> _PROBLEM STATEMENT_: Each line of the material must be repeated precisely, with the pictures left out.

> _GIVEN DATA_:
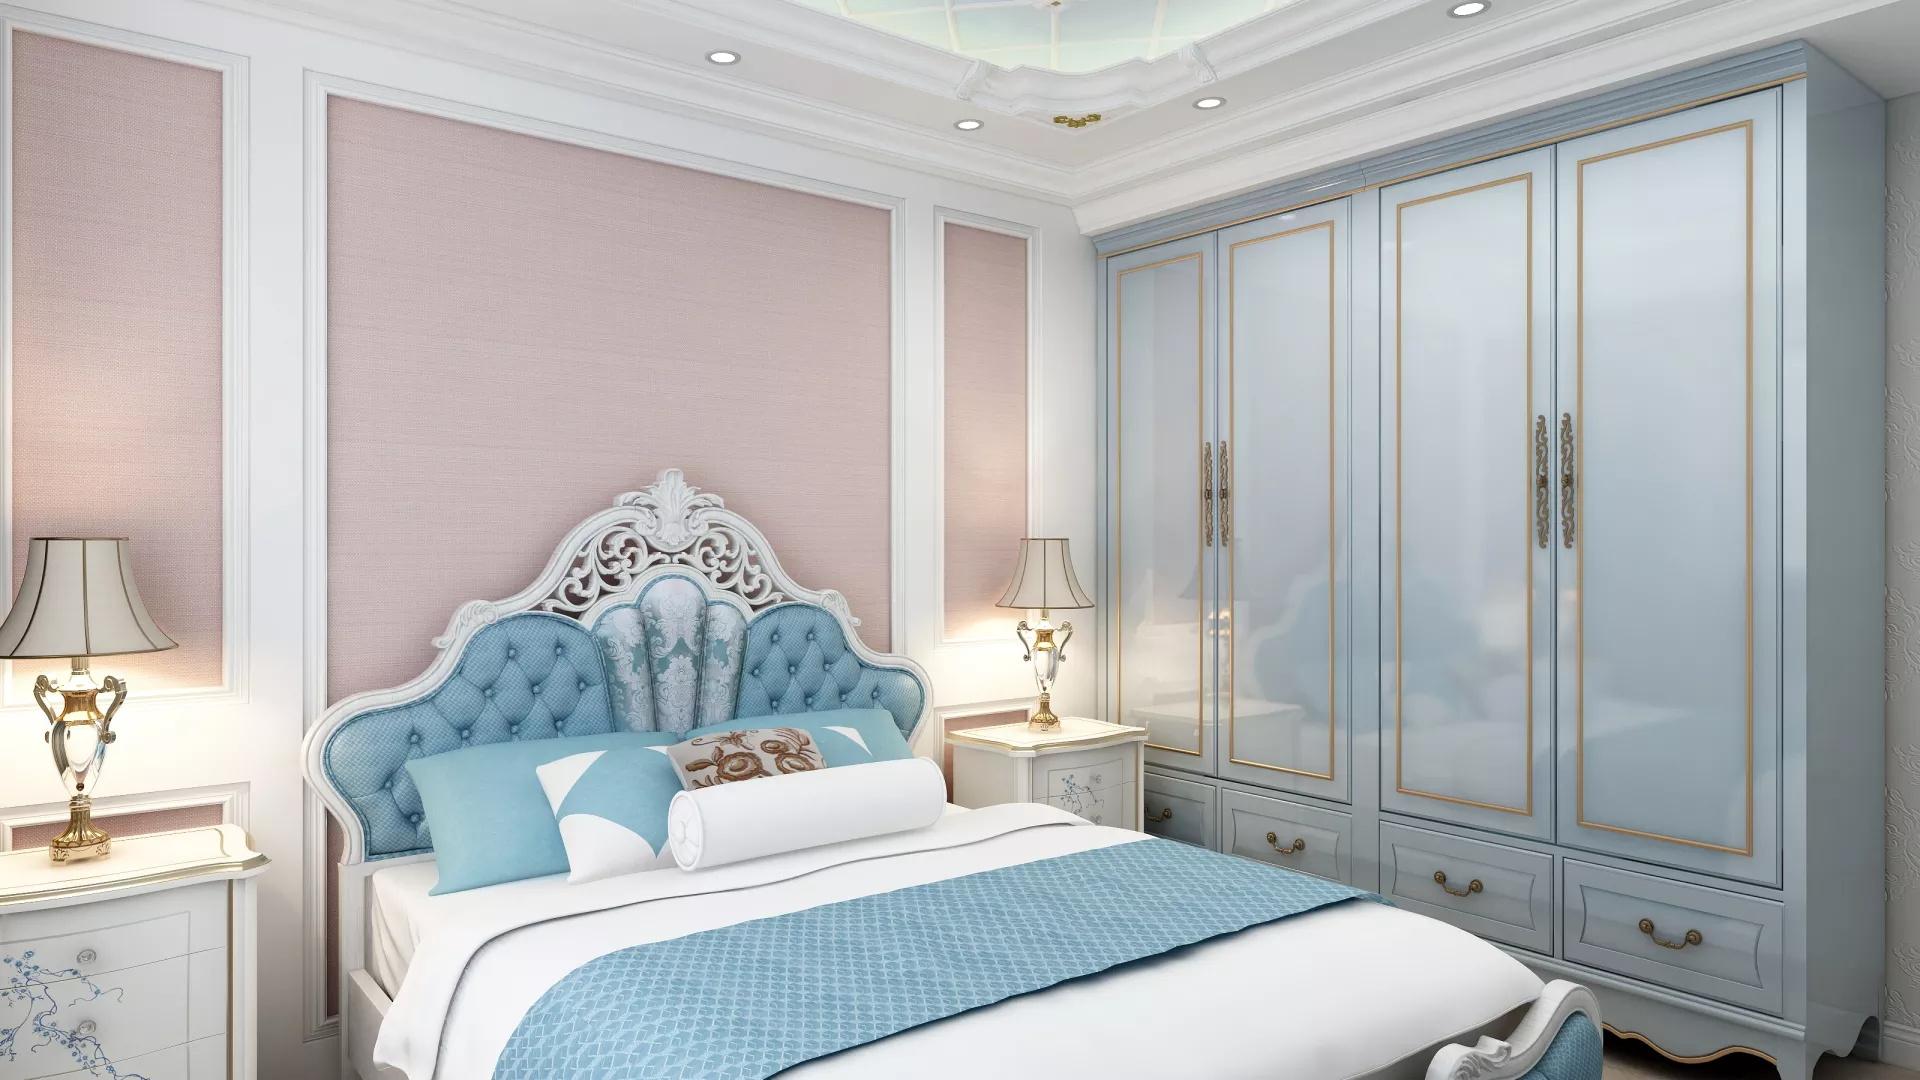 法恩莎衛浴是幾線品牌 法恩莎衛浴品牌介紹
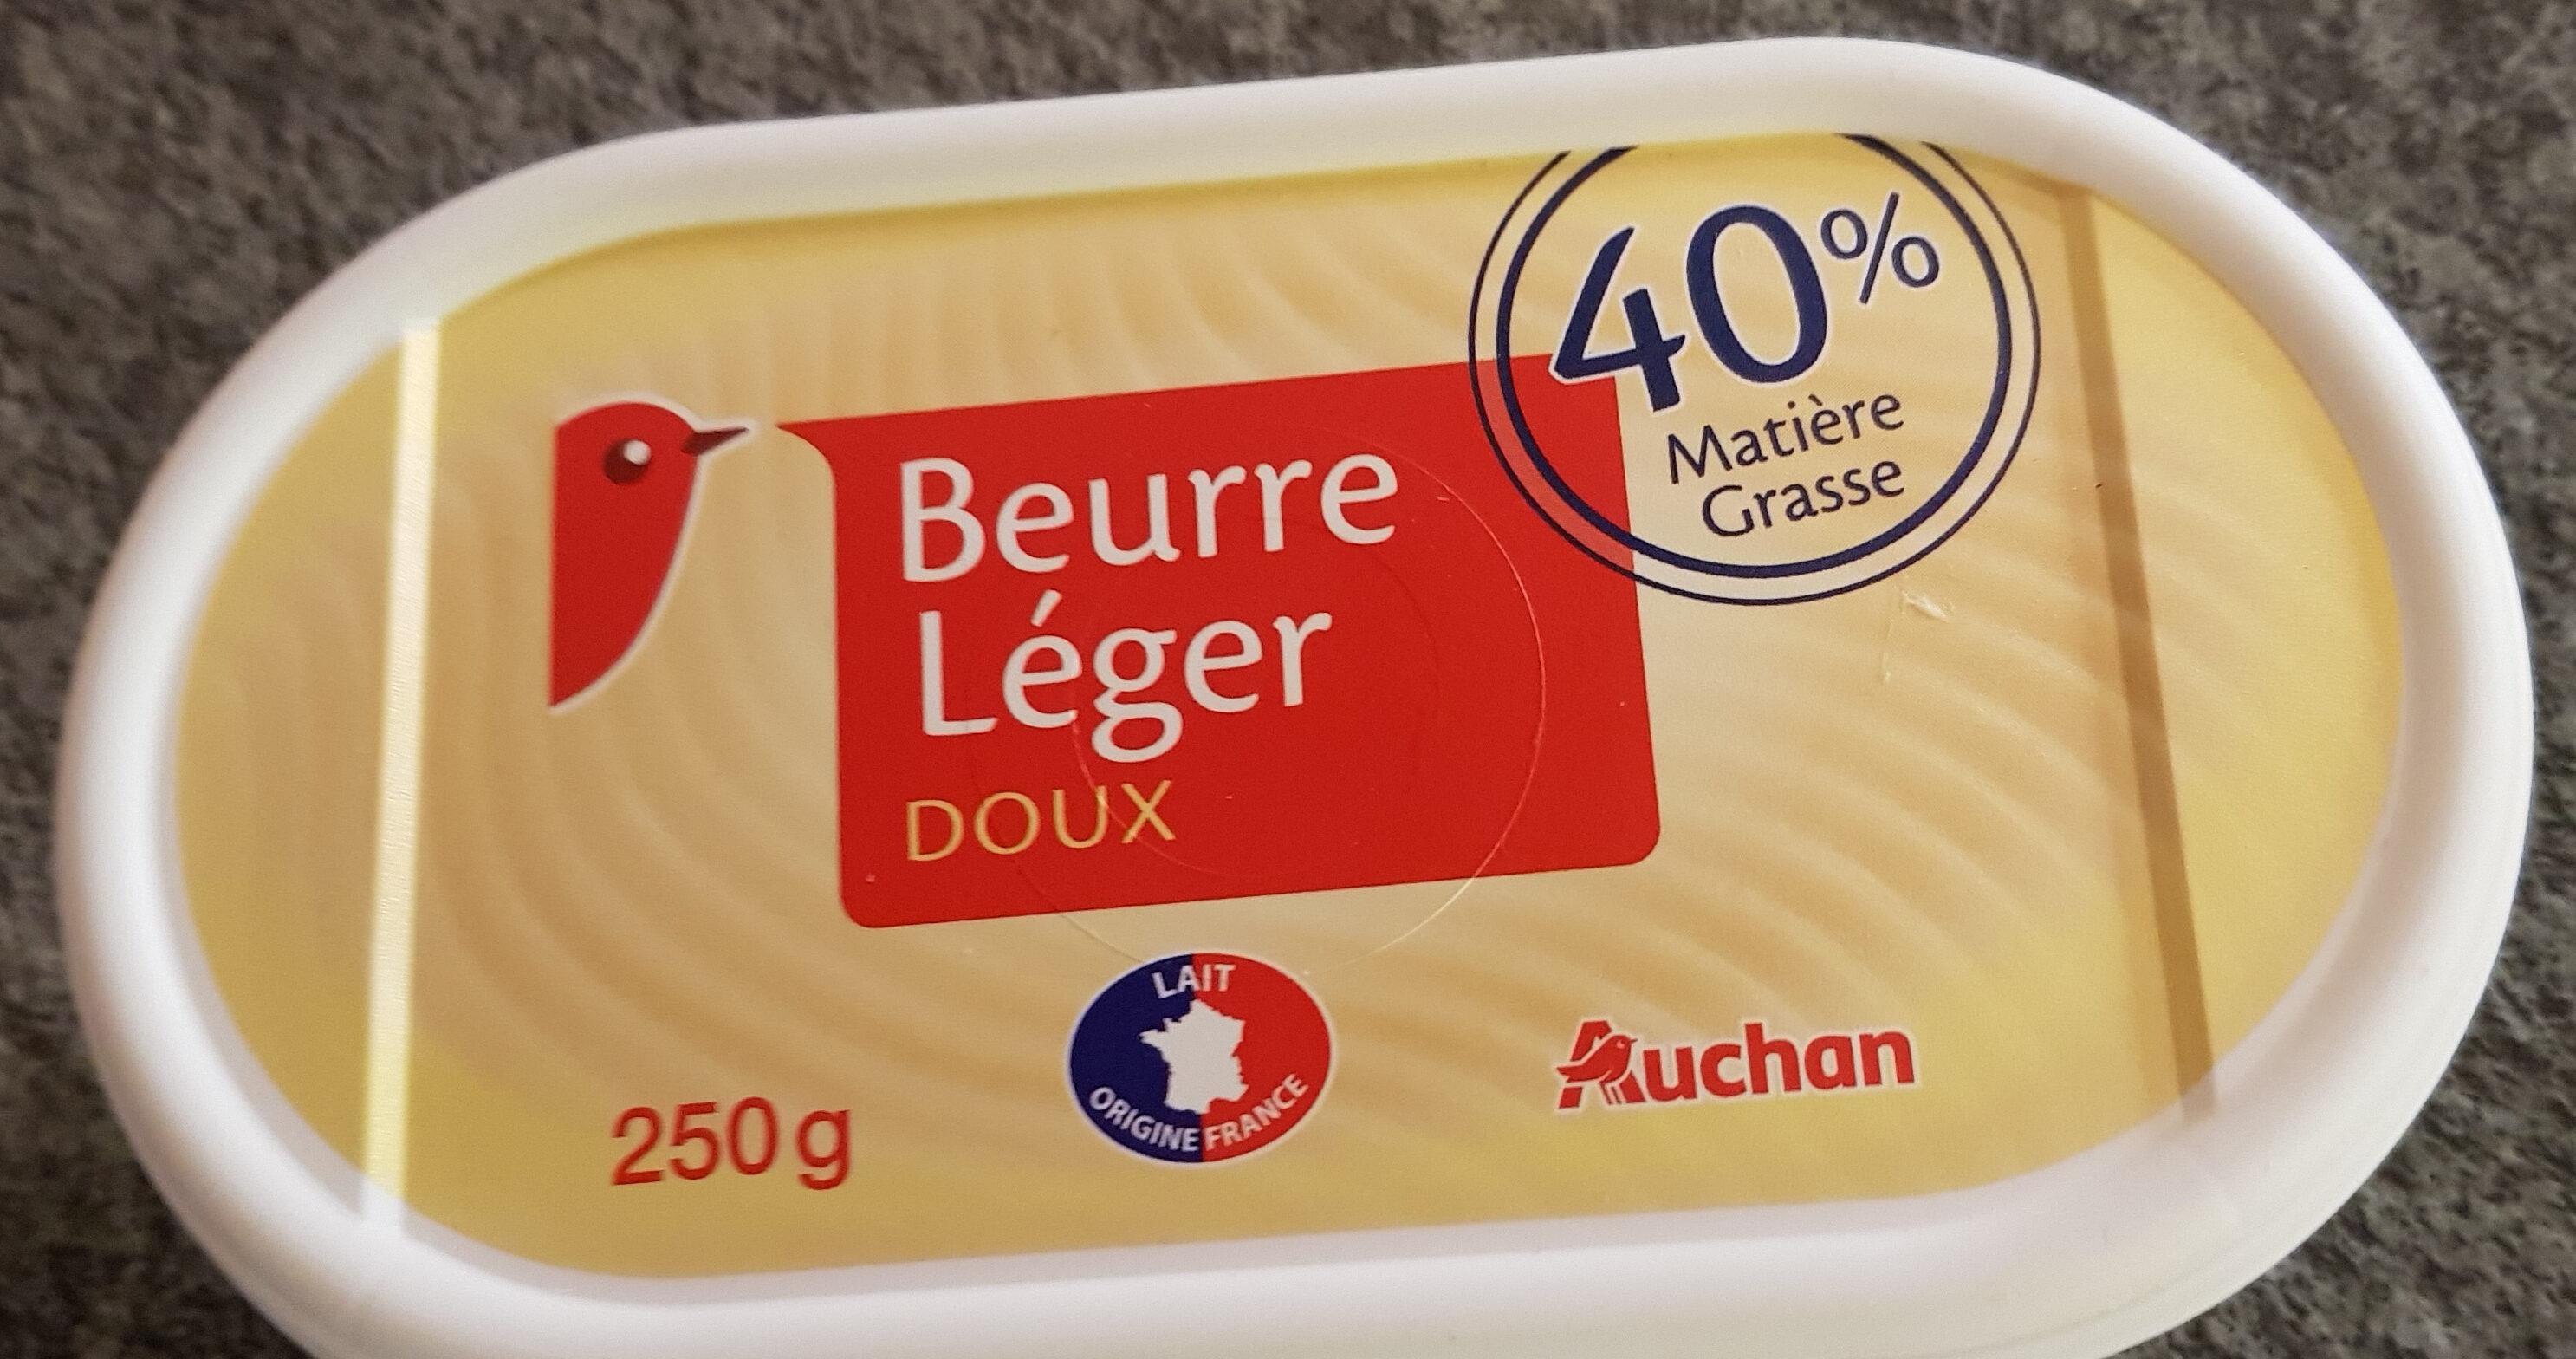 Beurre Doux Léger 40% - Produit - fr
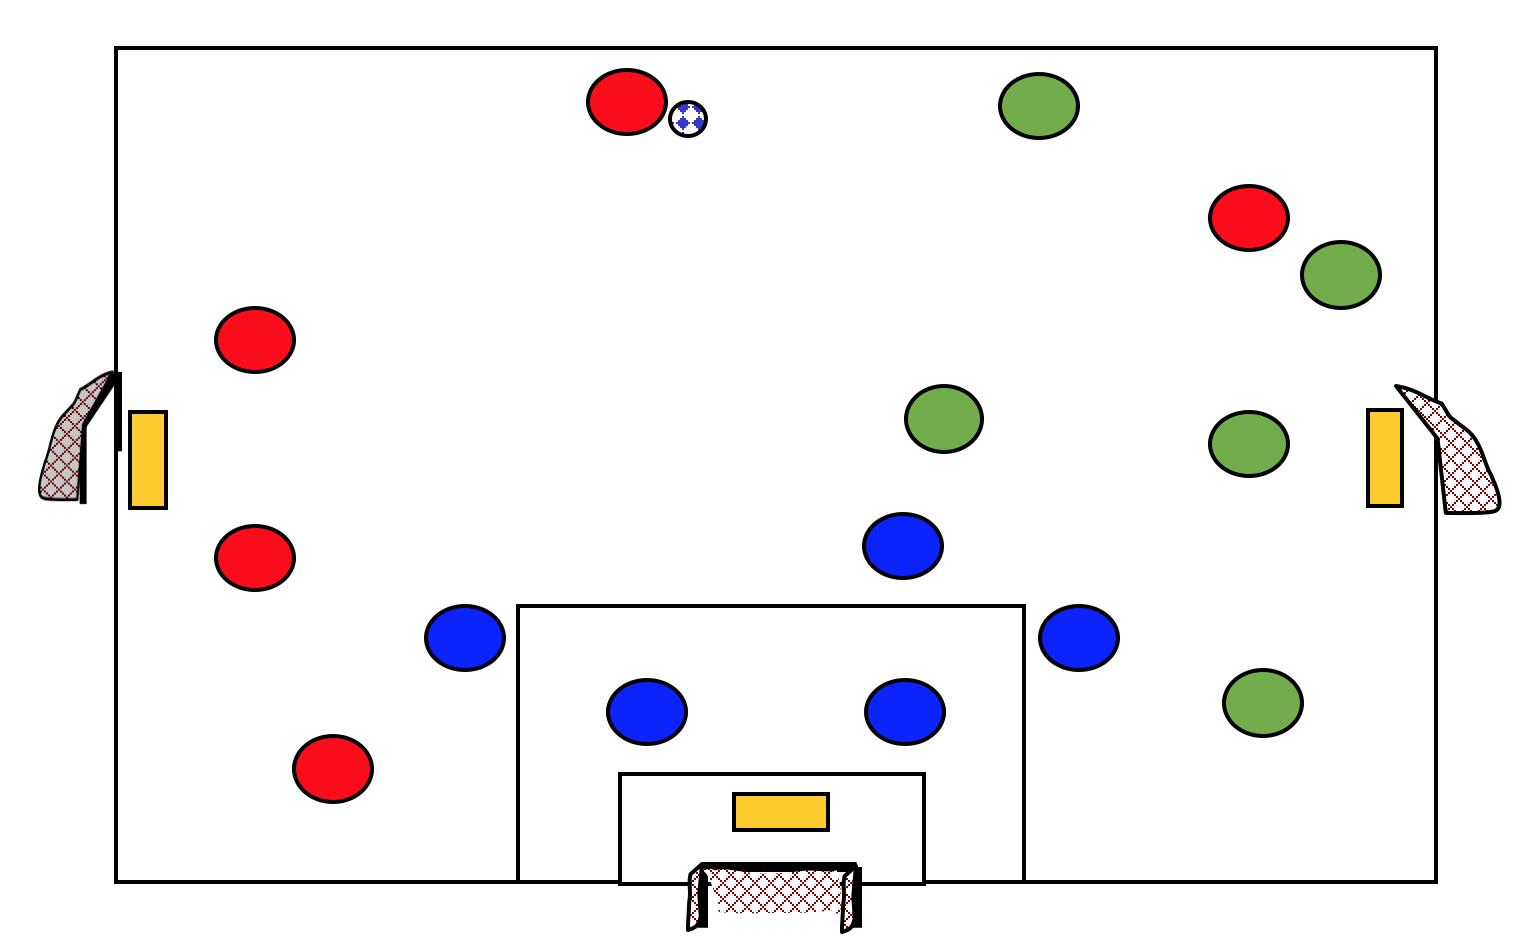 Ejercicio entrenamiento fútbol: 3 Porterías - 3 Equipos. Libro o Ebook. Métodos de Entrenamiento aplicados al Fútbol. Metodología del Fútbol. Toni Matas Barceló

> _WRITTEN RESPONSE_:
 法恩莎衛浴是幾線品牌 法恩莎衛浴品牌介紹
 Beurre Doux Léger 40% - Produit - fr
 Ejercicio entrenamiento fútbol: 3 Porterías - 3 Equipos. Libro o Ebook. Métodos de Entrenamiento aplicados al Fútbol. Metodología del Fútbol. Toni Matas Barceló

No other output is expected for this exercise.